Scene Text Recognition with Permuted Autoregressive Sequence Models Darwin Bautista, Rowel Atienza ECCV, 2021

Using real datasets (real) and synthetic datsets (synth) for training respectively,and evaluating on IIIT, SVT, IC03, IC13, IC15, SVTP, CUTE datasets.

  • The real datasets include COCO-Text, RCTW17, Uber-Text, ArT, LSVT, MLT19, ReCTS, TextOCR and OpenVINO datasets.
  • The synthesis datasets include MJSynth and SynthText datasets.

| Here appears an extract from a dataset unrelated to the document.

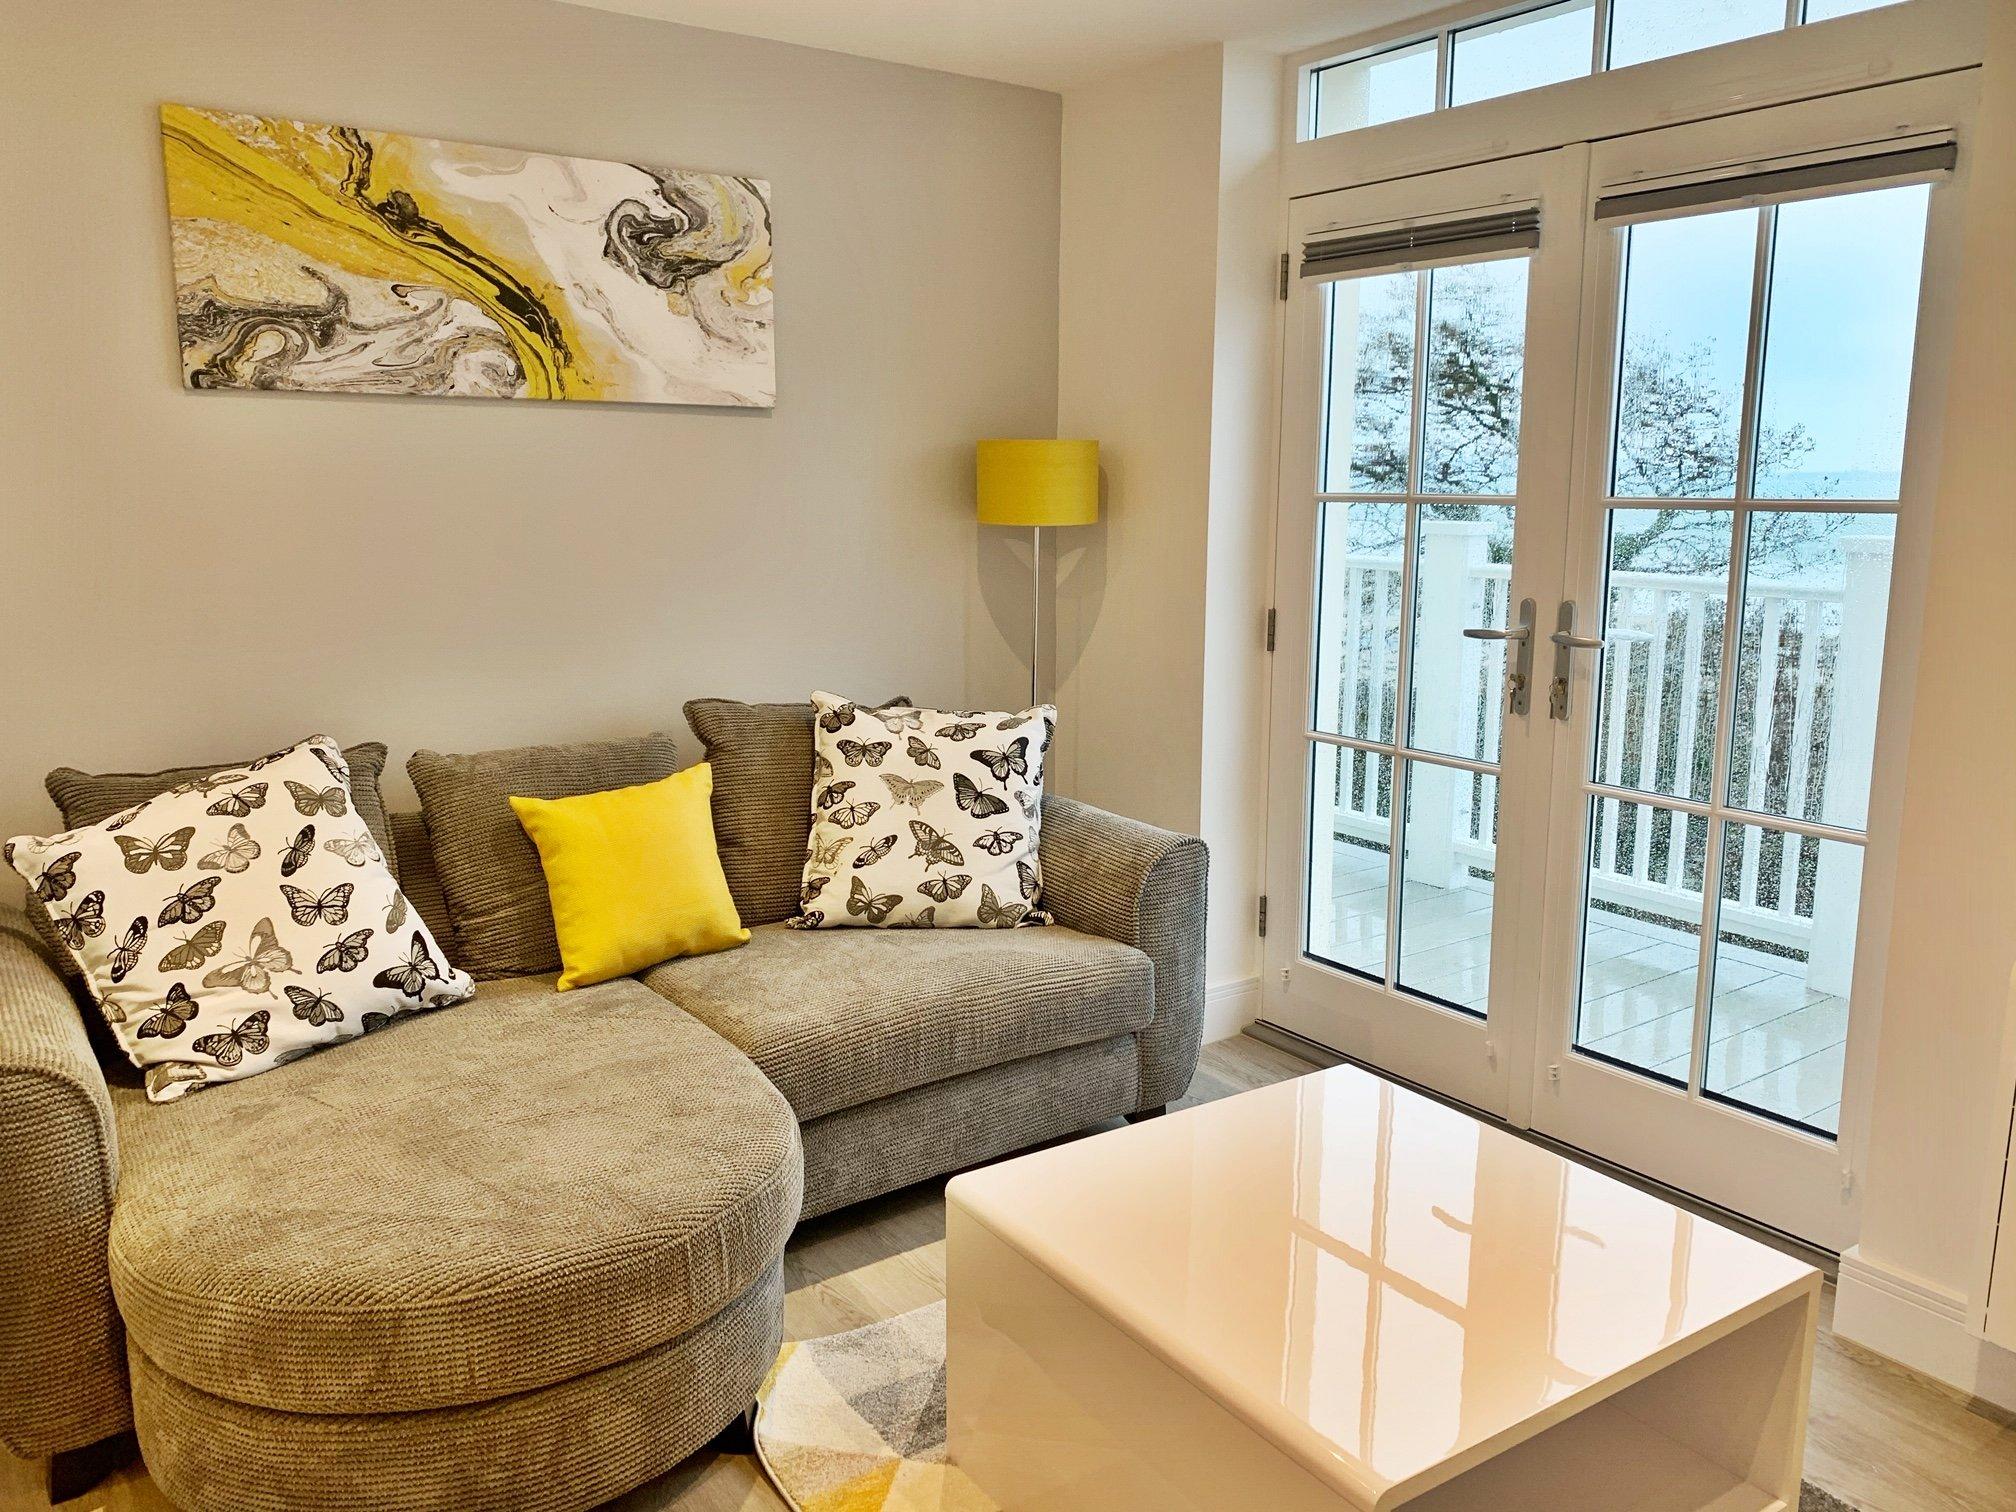 All Residential Status, Studios, 1 & 2 Bedroom Apartments

the algorithm reproduction effect is as follows:

Training Dataset Model Backbone config Acc Download link
Synth ParseQ VIT rec_vit_parseq.yml 91.24% train model
Real ParseQ VIT rec_vit_parseq.yml 94.74% train model

2. Environment

Please refer to "Environment Preparation" to configure the PaddleOCR environment, and refer to "Project Clone"to clone the project code.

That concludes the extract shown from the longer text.